Essay on “The Festivals in India” for School, College Students, Long and Short English Essay, Speech for Class 10, Class 12, College and Competitive Exams.

The Festivals in India

The diversity of Indian beliefs and cultural traditions accounts for the large number of festivals in our country. Some of them are celebrated throughout the country. Others are observed only by a group or community.

January 26: Republic Day. On this day in 1930, the people of India took a pledge to work hard for the establishment of a Sovereign Democratic Republic. This was achieved on January 26, 1950, when the new Constitution came into force. The celebrations in New Delhi are the most important. They include a massive parade and pageants from the states that reflect the cultural unity of the country.

Holi: This is an important festival in North India. It is a festival of colours. Joyous crowds fill the streets and sprinkle coloured water on all passersby Holi is associated with the divine love of Radha and Krishna.

Dussehra: This is celebrated in North India. It falls in either September or October. It indicates the victory of Rama over Ravana.

Id-U/-Fitr: This important Muslim festival marks the-end of Ramzan, the ninth month of the Muslim calendar. It was ‘during this month that the holy Koran was revealed.

August 15: It was on this day in 1947 that India got independence. The National Flag is unfurled and tributes are paid to the national heroes. The Prime Minister hoists the flag on the Red Fort in Delhi.
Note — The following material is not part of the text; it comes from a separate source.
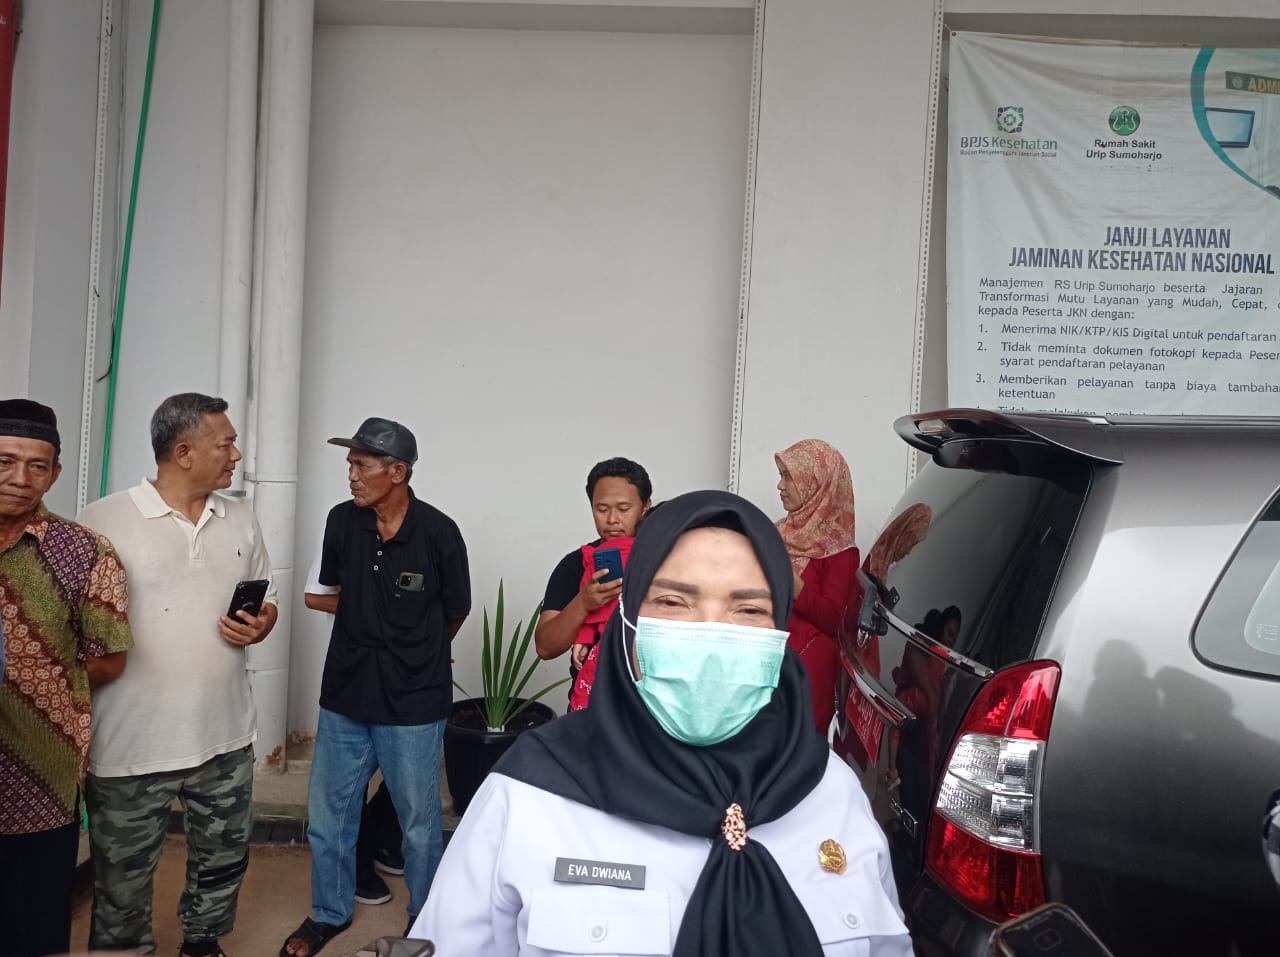 Eva Dwiana Sampaikan Harapan Untuk Pj Gubernur Lampung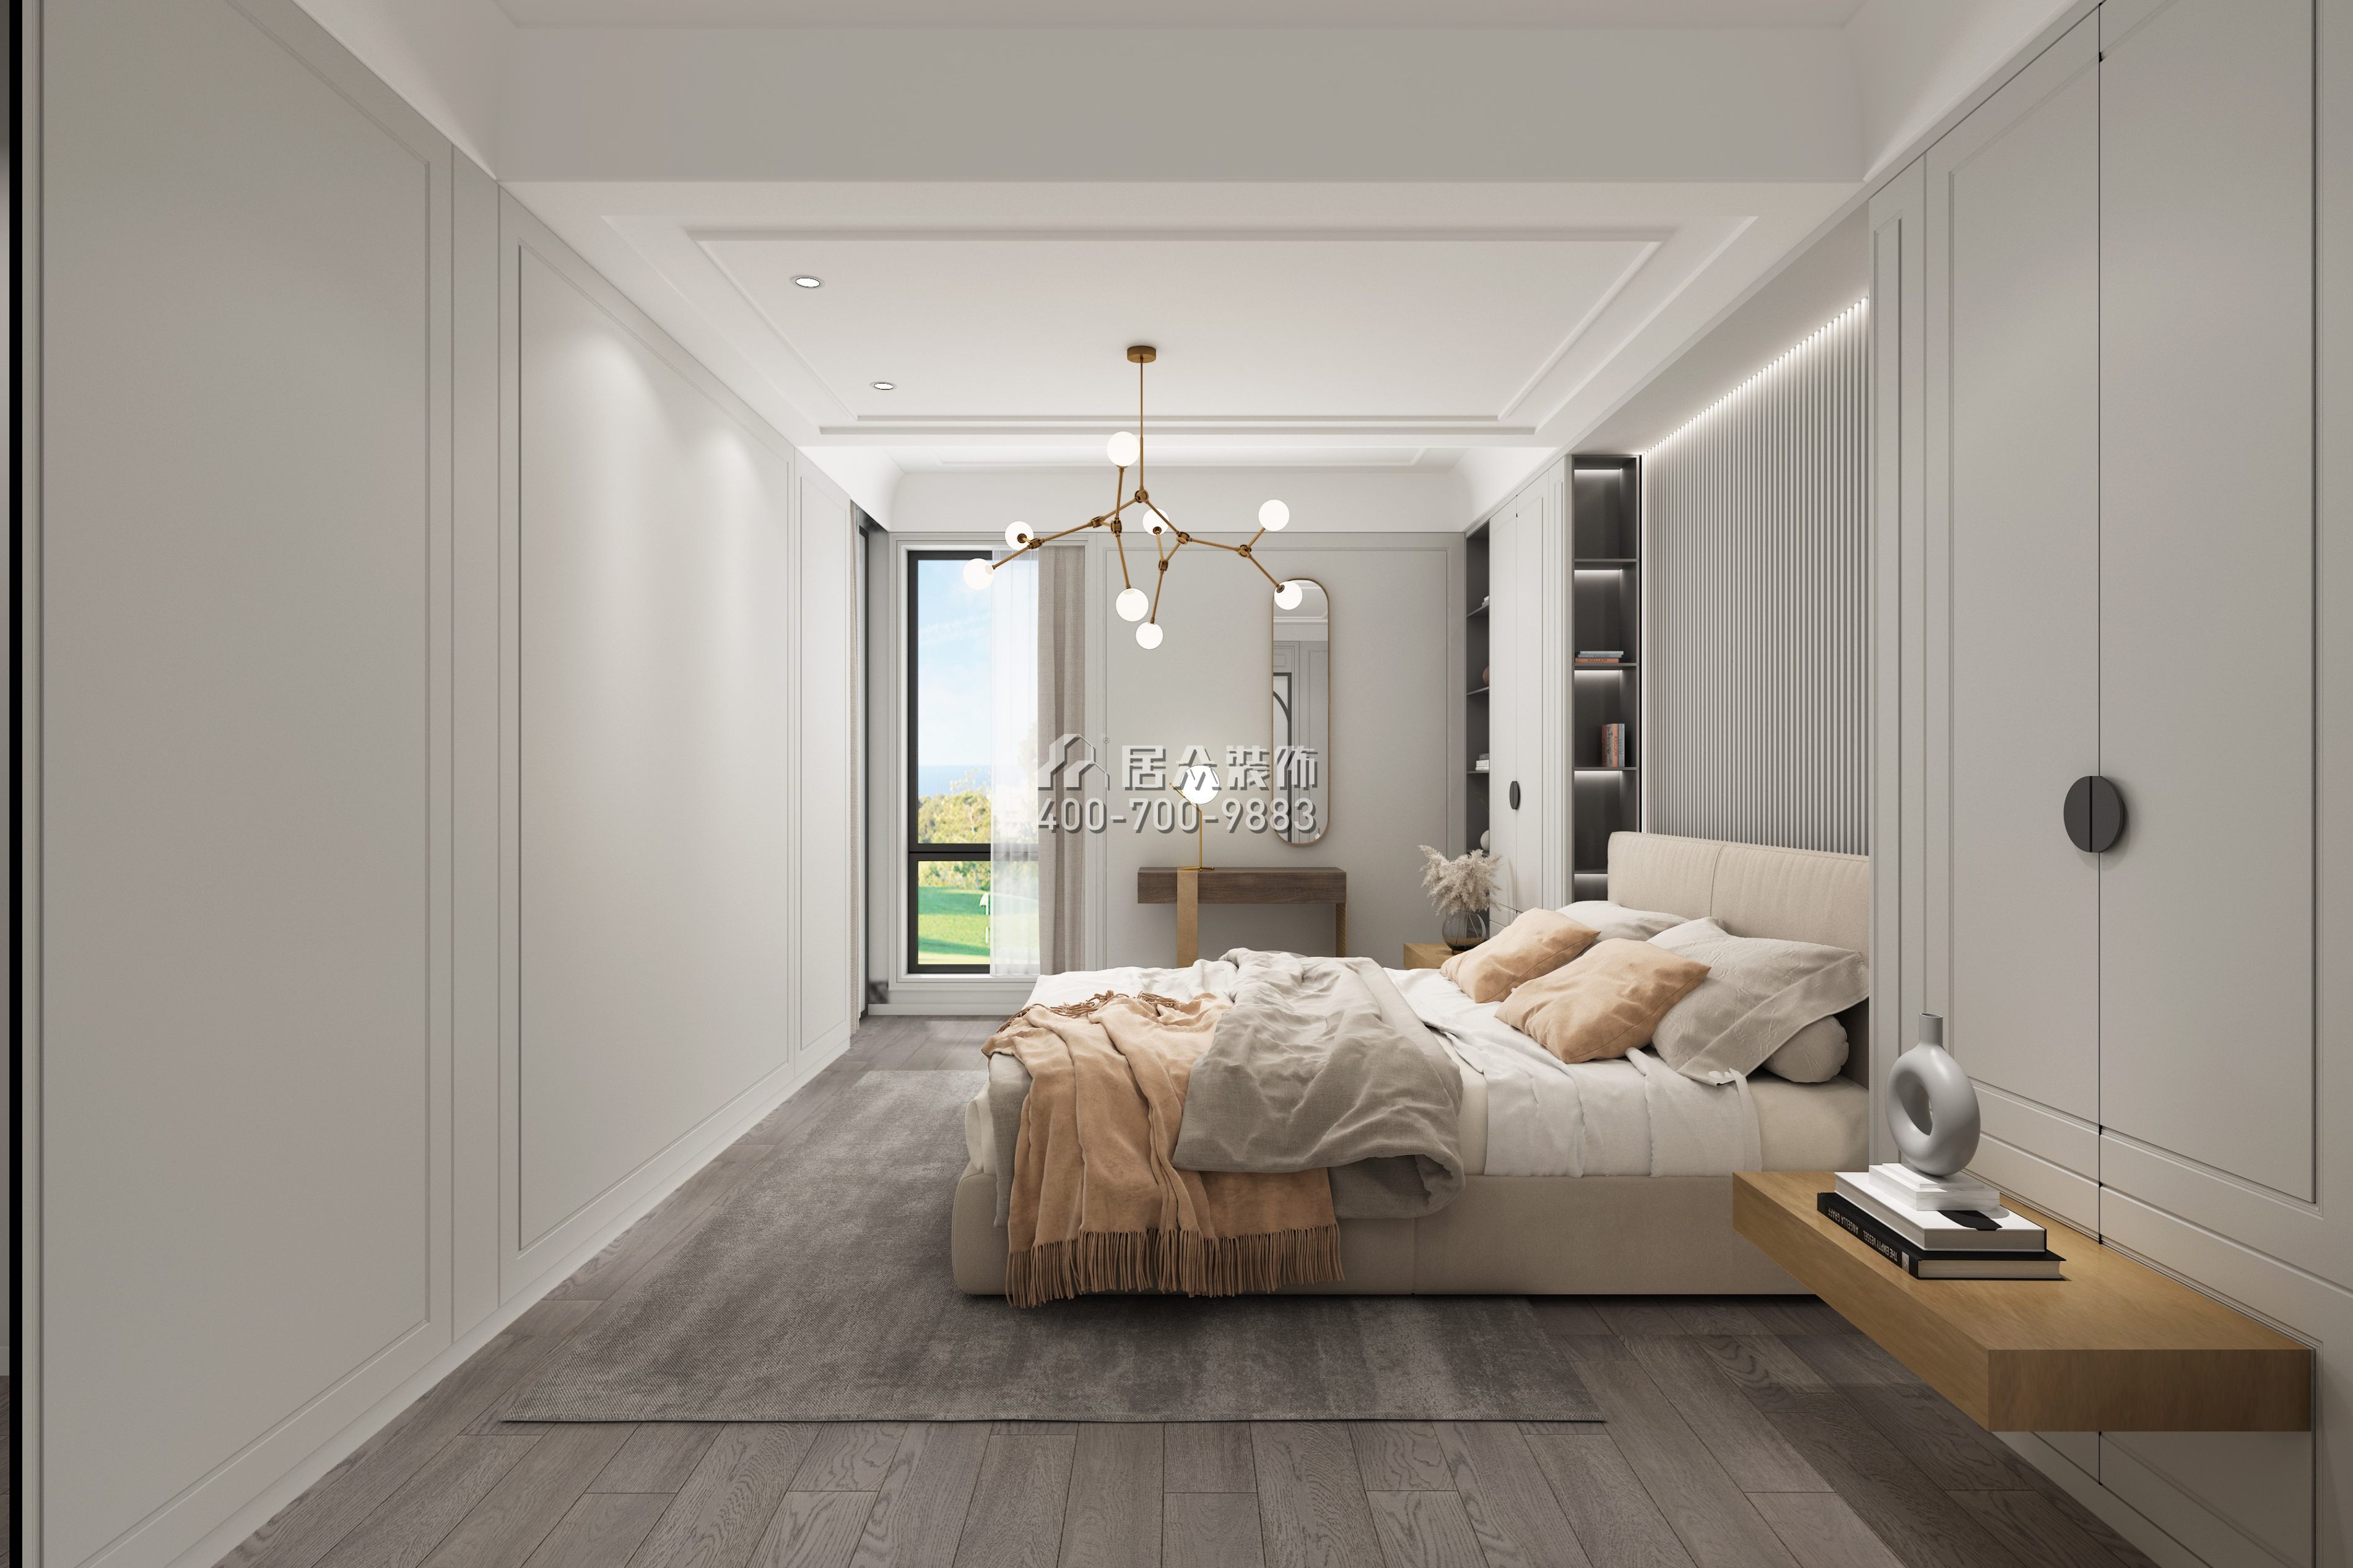 觀瀾高爾夫64平方米現代簡約風格平層戶型臥室裝修效果圖

October 2: Gandhi Jayanti : It was on October 2, 1869 that Gandhiji, the Father of our Nation, was born. His birth anniversary is celebrated with great reverence. Mass prayers are held. In Delhi a large number of people gather at Rajghat to offer floral tributes and recite verses from the sacred books of all religions.

Diwali: This is the festival of lights. It falls in October or in November. At night children enjoy fireworks. Diwali is celebrated to welcome Lakshmi, the goddess of wealth and prosperity. It is also believed that Diwali celebrates Rama’s victorious return to his capital from exile. This festival heralds a season of joyous merriment, boom in business and a general feeling of well-being.

Christmas, December 25: This is the greatest Christian festival. It is celebrated on the 25th of December every year. It was’ on this day that Jesus Christ was born. His birthday was celebrated for several days in the middle Ages. Then it was called Christmas. With the passage of time, Christmas became Christmas. Christmas cards are sent to friends and relatives. On Christmas Eve, services are held in churches at midnight. Groups of Christians sing carols to the accompaniment of musical instruments. They praise Jesus for having come to the earth for the redemption of man.

Onam: This is the greatest festival in Kerala. It comes usually in the month of Chingam in the Malayalee calendar. It is celebrated to welcome the spirit of King Mahabali. Prosperous days existed during his reign. There was neither deceit nor fraud in Kerala when he ruled. Onam is a harvest festival. Huge amounts are spent on clothing and food. It is a good period for businessmen. Boat races are also conducted during Onam season. Keralites staying abroad also celebrate it with great fervour, gaiety and enthusiasm.